I have the following scenario where a company has two regions on Amazon cloud, Region 1 in US and Region 2 in Asia. In the current architecture AWS DynamoDB and MySQL-RDS solution are used and installed in the US region. The EC2 servers in Asia regions which hold the business logic has to access DynamoDB and RDS in the US region to get or update data.

The company wants to now install DynamoDB and MySql-RDS in the Asia region to get better performance, so the EC2 servers in Asia region can get the required data from the same region.

The main issue now is how can we sync the data between the two regions, the current DynamoDB and RDS don't inherently support multiple regions.
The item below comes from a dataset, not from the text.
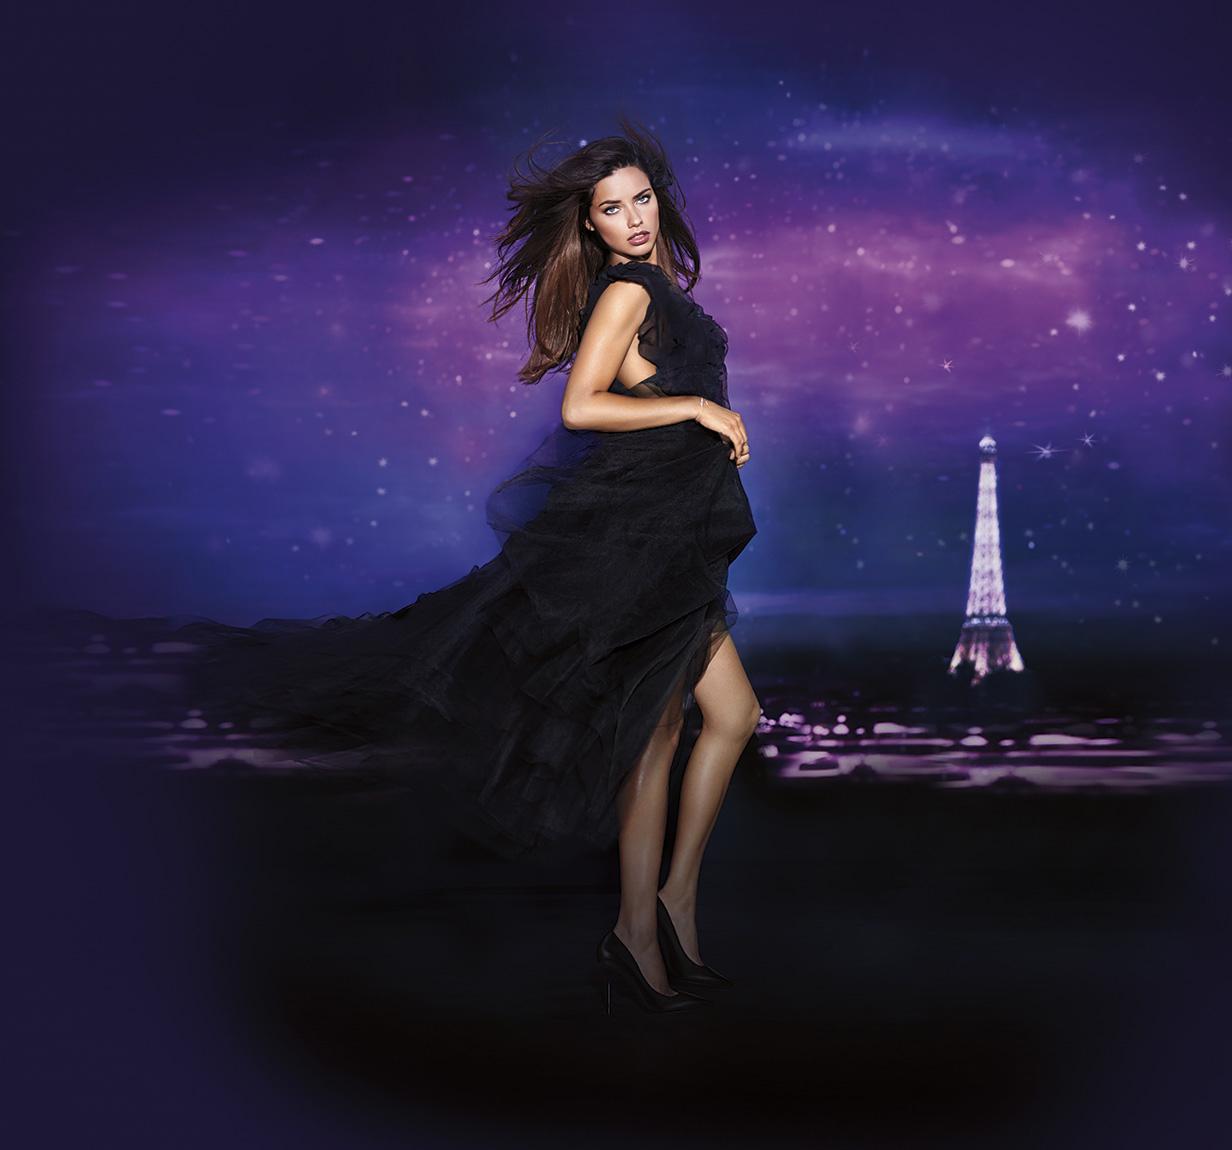 beauty-night-2013-adriana-campaign-victorias-secret-hi-res

Are there any best practices in such a case?

1
Considered using the AWS Data Pipeline? I use it for backing up Dynamo DB to S3, but there is no reason not to use it for synchronizing between regions.marco
Thank you for your help,we are looking for multi master solution between regions. by using data pipeline, one of the regions will become a master and another become a slave, so all updates should be done on the master, and the slave one should be used only for read ( it is not easy to write the logic behind synchronizing updates between regions . Current RDS has a built in Read Replica service between regions, but there is nothing for DynamoDB. Can we use Data pipline for each update ?? because we dont want to copy the whole database each time.user3341697
otherwise we are thinking of using SQS with dynamodb to send all update requests to the Slave regions.user3341697

1 Answers

3
votes

This is a big problem when the access is from different geographies.

RDS off late has some support for cross-region "read" replicas. Take a look here. http://aws.amazon.com/about-aws/whats-new/2013/11/26/announcing-point-and-click-database-replication-across-aws-regions-for-amazon-rds-for-mysql/

Dynamo DB doesn't have this. You might have to think of partitioning your data (keep Asia data in Asia and US data in US). Another possibility is to increase the speed by using an in-memory cache. Don't access Dynamo DB always for all the reads: After every successful read, cache the object in AWS Elasticache - setup this cache to be near the required regions (you will need multiple cache clusters). Then all the reads will be fast (since they are now region local). When the data changes (write) then invalidate the object in the cache as well.

However this methods only speeds up the reads (but not writes). Typically most apps will be OK with this.